Since 1st stage collectors can lie in the region between near-zero volts up to +10V, you can DC-bias it so its collectors idle near the bottom of this range. This will leave voltage headroom for the 2nd stage collectors to swing over a larger range.
Since your current sources feed the same current to each differential stage, you're free to choose collector resistors for first stage (R1, R2) different from collector resistors for second stage (R3, R4). To achieve DC bias headroom as mentioned above, first stage collector resistors should be chosen larger than second stage collector resistors.
You'll still need to add a DC offset to 2nd-stage collector outputs, however - if you want to simulate an op amp.


Do you intend to breadboard this design?
I've done this exercise, and its not easy, because 2N2222 are never similar-enough to each other. This means that DC bias is really hard to get balanced so that output voltage doesn't hit a power-supply rail. I ended up balancing the DC bias point by heating one of the differential amplifier input transistors with a finger.

This problem is less-severe if transistors are integrated into a chip - they all operate near the same chip temperature, and their characteristics all nearly match - aiding balance.
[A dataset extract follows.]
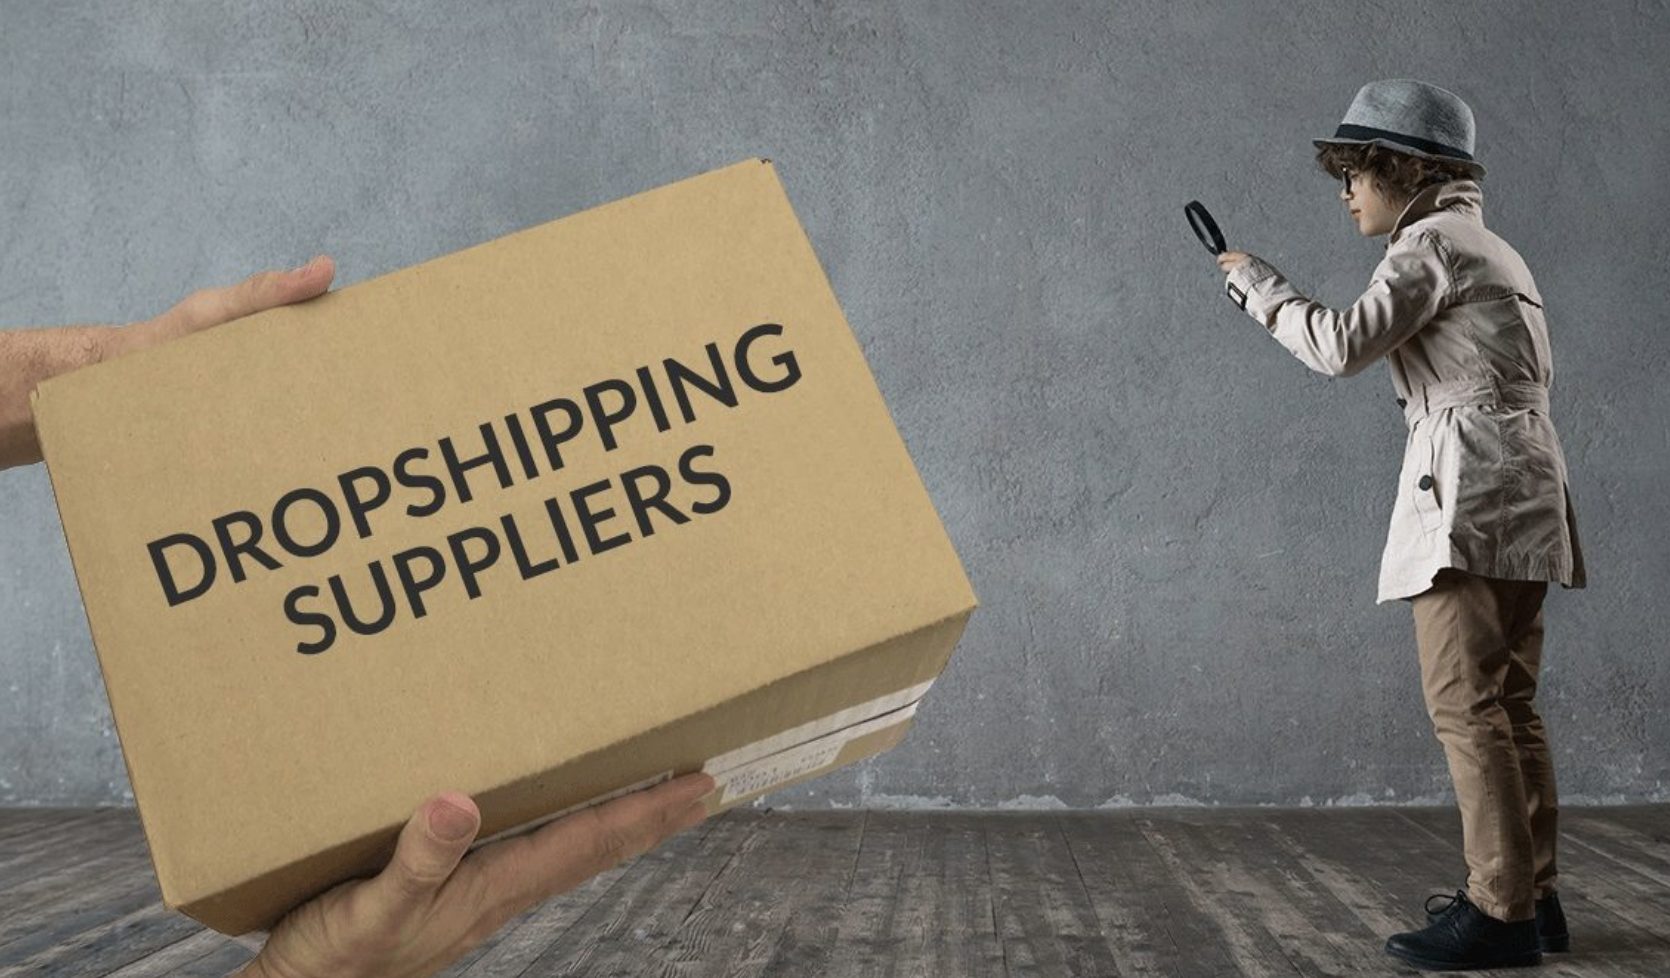 Reliable Dropshipping Supplier
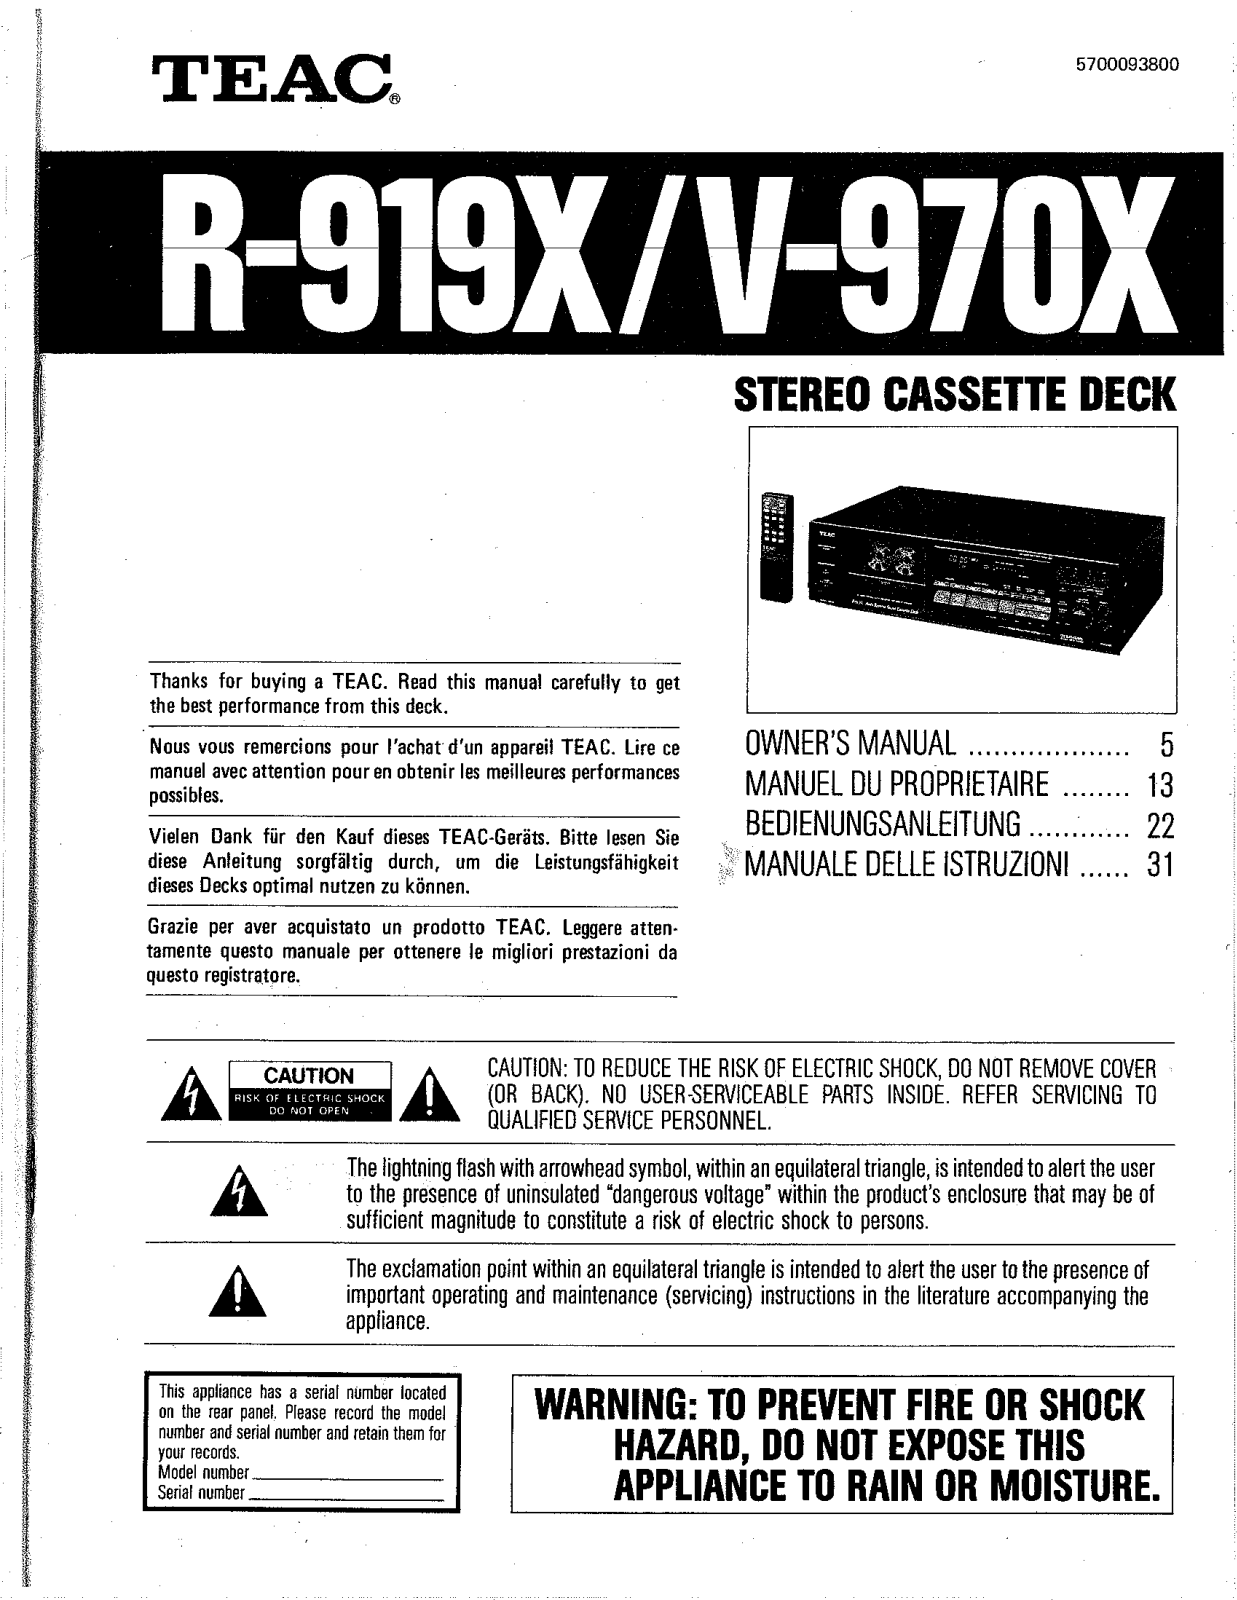 TEAC R-919-X Owners manual

I'll point out a modification to this basic circuit that appears in many, many chips. For example, this topology is used in emitter-coupled logic digital chips. Also used to amplify analog signals in FM radio limiter stages. By adding a unity-gain buffer transistor between stages, every stage is identical, and stages can be cascaded many times...

schematic

simulate this circuit – Schematic created using CircuitLab

In this case, two cascaded, identical stages are shown. out- and out+ don't need to be offset - this amplifier can apply negative feedback back to the input stage just like an opamp...feedback seeks a stable, symmetrical DC bias point.
Adding the buffer stage doesn't allow a large output swing before it goes non-linear, so it is only a linear amplifier over a small voltage range.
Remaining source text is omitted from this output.